Als gesellschaftliches Grundübel nannten die Jugendlichen die „ fehlende elterliche Disziplin“. Das größte Problem der heutigen Jugend, wird der 17-jährige Josh Lee in der Untersuchung exemplarisch zitiert, sei das negative Beispiel, das ihnen die Erwachsenen gäben – eine schallende Ohrfeige für die meinungsbildende Elterngeneration. Und noch ein Vorurteil fällt: Für verwöhnter und amoralischer als ihre eigene Generation empfinden amerikanische Jugendliche vor allem Berühmtheiten der Popkultur – und viele Politiker.
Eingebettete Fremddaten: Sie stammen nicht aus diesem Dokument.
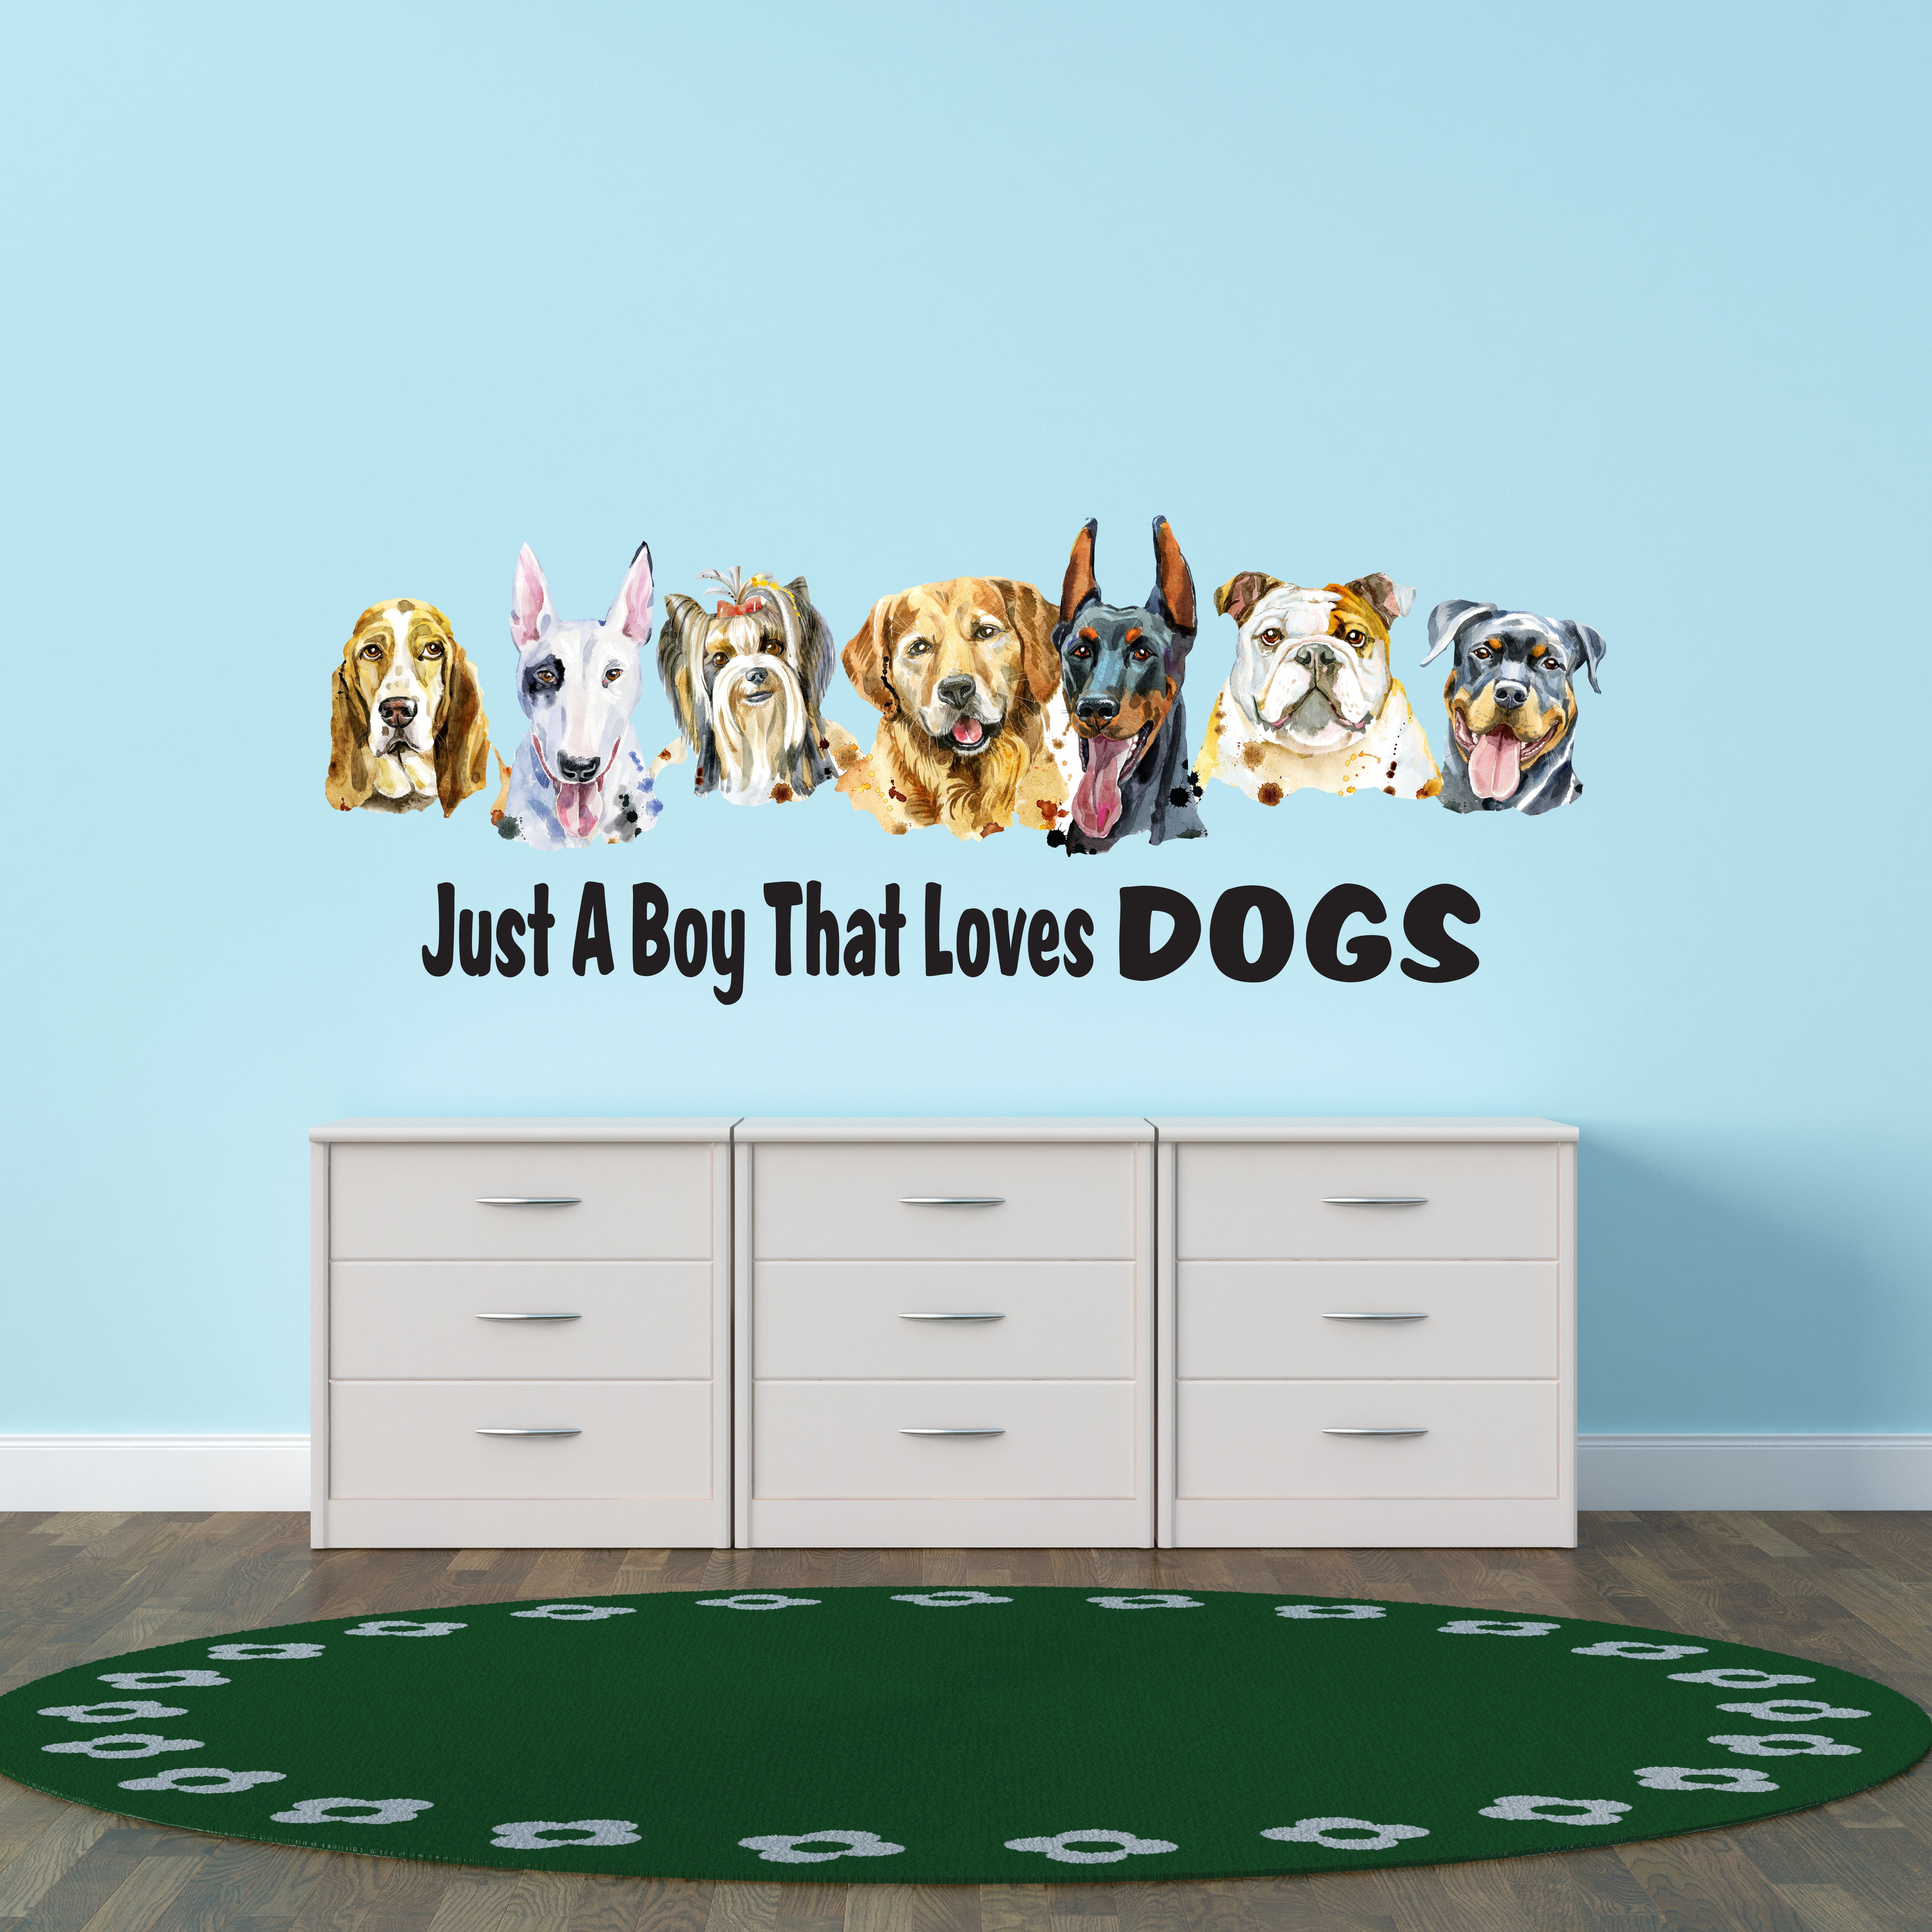 Vinyl Wall Decal Pets Friendship Animals Dogs Best Friends Quote Stick —  Wallstickers4you

Das zunehmende Misstrauen gegenüber etablierten politischen Organisationen hält die junge Generation hierzulande mittlerweile unübersehbar auf Distanz: „Das geringste Vertrauen“, bestätigt auch die jüngste Shell-Jugendstudie, „wird den politischen Parteien entgegengebracht.“ „Politik ja – Parteien nein“, bringt Pfadfinder Stephan den Vertrauensverlust auf den Punkt. Lieber will er in seinem direkten Umfeld „etwas Konkretes“ tun, in der Schule beispielsweise, am liebsten aber zusammen mit seiner „ Sippe“ bei den Pfadfindern. Da habe er „Freude am eigenen Tun und an der Pflicht, für andere da zu sein“.

Denn „cool“ sein, sagt Stephan, „heißt nicht nur Spaß haben, sondern auch, Verantwortung zu übernehmen“.

KOMPAKT

• Die Jugendlichen von heute haben fest umrissene Wert- und Moralvorstellungen.

• Die Erwachsenen sind dabei allerdings keine Vorbilder.

• 40 Jahre Jugendstudien belegen:

Die Heranwachsenden formen die Gesellschaft.